Ensure your porch light is at least 40 watts to illuminate nighttime visitors properly. Secure gate latches and garage and shed doors with sturdy padlocks designed to resist prowlers and withstand rain and freezing temperatures.

Now, consider your “oops” key. Does the spare key that lets you in when you lose your house keys sit beneath the doormat, in the mailbox, or underneath the potted plant next to the door? 

These are the first places thieves look for keys in hopes of easy access to your home. Move the spare to a different, more creative location.

Motion-Sensor Lighting

Although most burglaries occur during the day, motion-sensor lights, affixed well out of reach in your yard and around the perimeter of your home, may discourage a nighttime prowler. And keep your outside porch light on all night. 

Lights are your least expensive insurance policy against theft since the last thing a burglar wants is to be seen.
Whenever you’ll be gone for more than a few hours, play the radio or the TV.

During nighttime hours, keep several indoor lights on timers that have been set to various schedules.

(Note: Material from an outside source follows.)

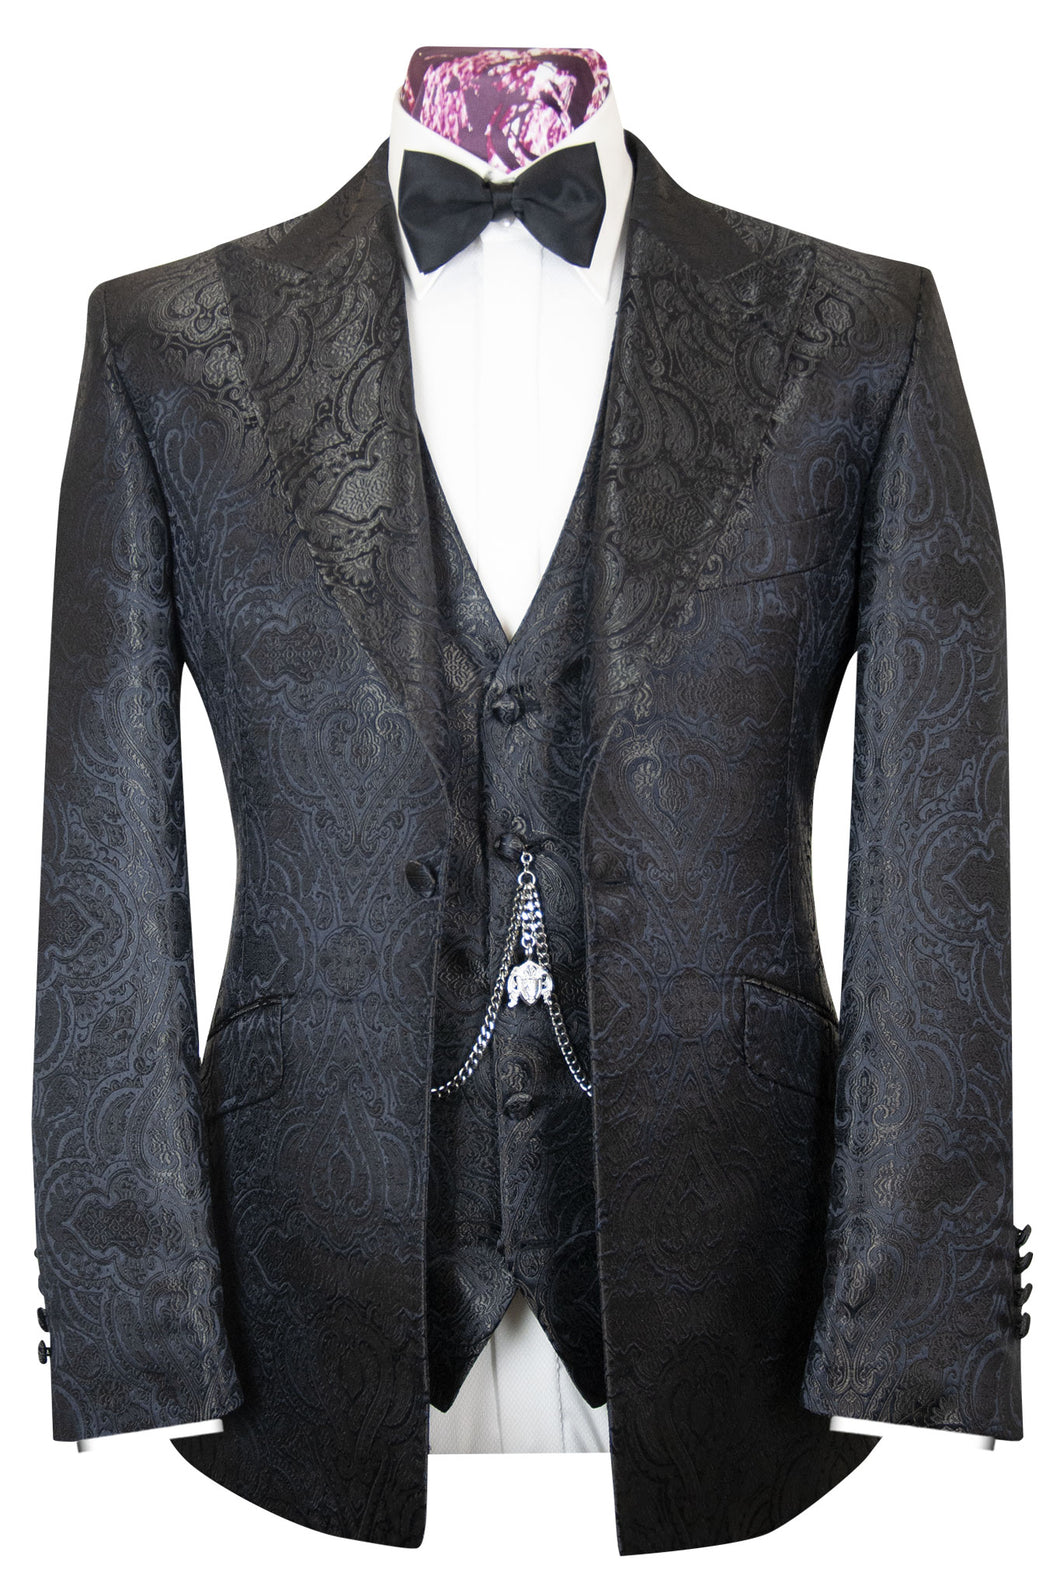 The Atlee Black Paisley Pattern Dinner Suit
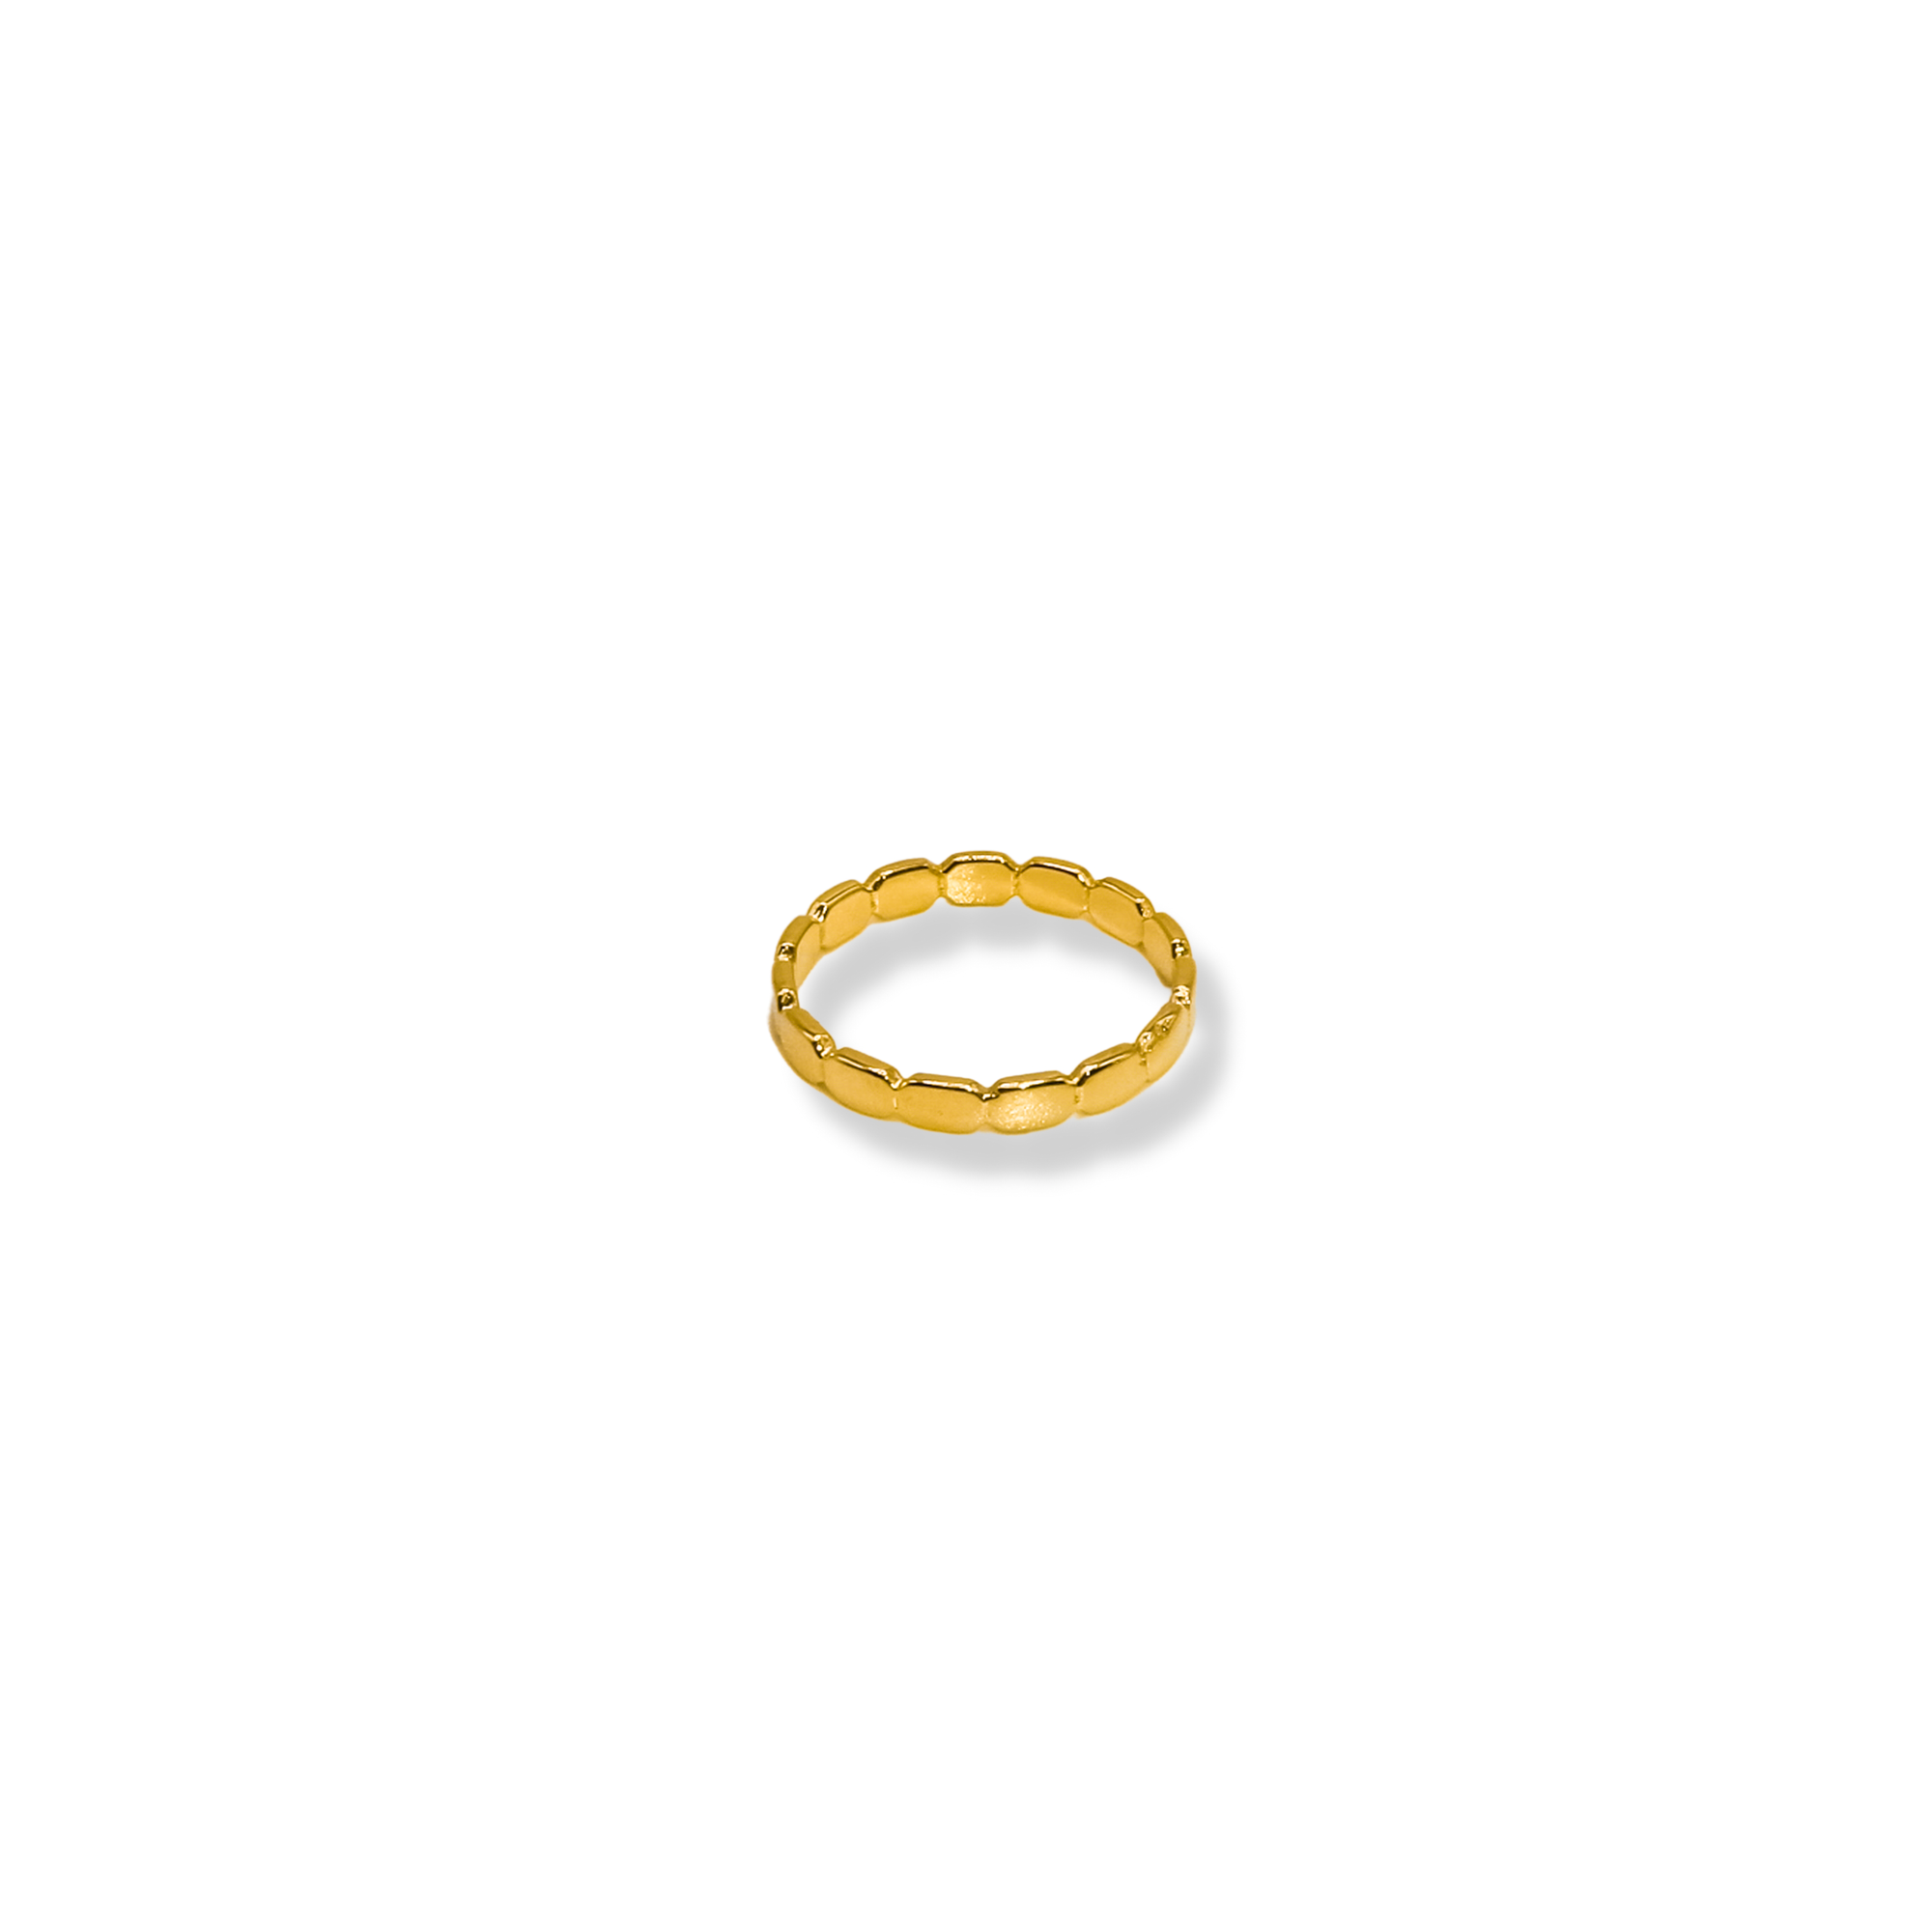 Vintage Inspired Gold Ring

Place a sign stating “Beware of Dog” prominently as a finishing security touch. Whether you have a rottweiler or not, these signs often deter thieves.

Keeping Records


Taking the precautions described so far will significantly reduce the chance of your home being burglarized. But should it happen, filing a police report will be easier if you’ve kept a record of your valuables.

A record involves more than just making a list: You’ll want to write down particulars such as the price, year, and place of purchase, in addition to a detailed description of each item.

This will help the police in the event of a burglary and make it easier for you to file a claim on your home insurance policy. Be sure that you include serial numbers if the items have any.

If your stolen valuables are recovered, the serial numbers will give police identification to trace the items back to you.

Photograph or videotape the items for backup, then store this record where thieves are unlikely to look, such as in the garage or the back of a child’s closet.

Better still, Store this information off-site, such as in a safe deposit box.

Choosing Security Door Locks: Lock Talk

What to know about your options when choosing security door locks.

Single-cylinder deadbolt lock:

  • Opened with a key on the outside and a thumb-turn on the inside.

Dual-cylinder lock:

  • A bolt lock that has a key for both inside and outside. Replace it with a single-cylinder lock, which is safer.

Privacy lock:

  • A commonly used interior lock that has a push button or thumb turn on
    the inside, with a hole on the outside that allows someone to open the
    door with either a special key or a straightened paper clip in case there is an emergency.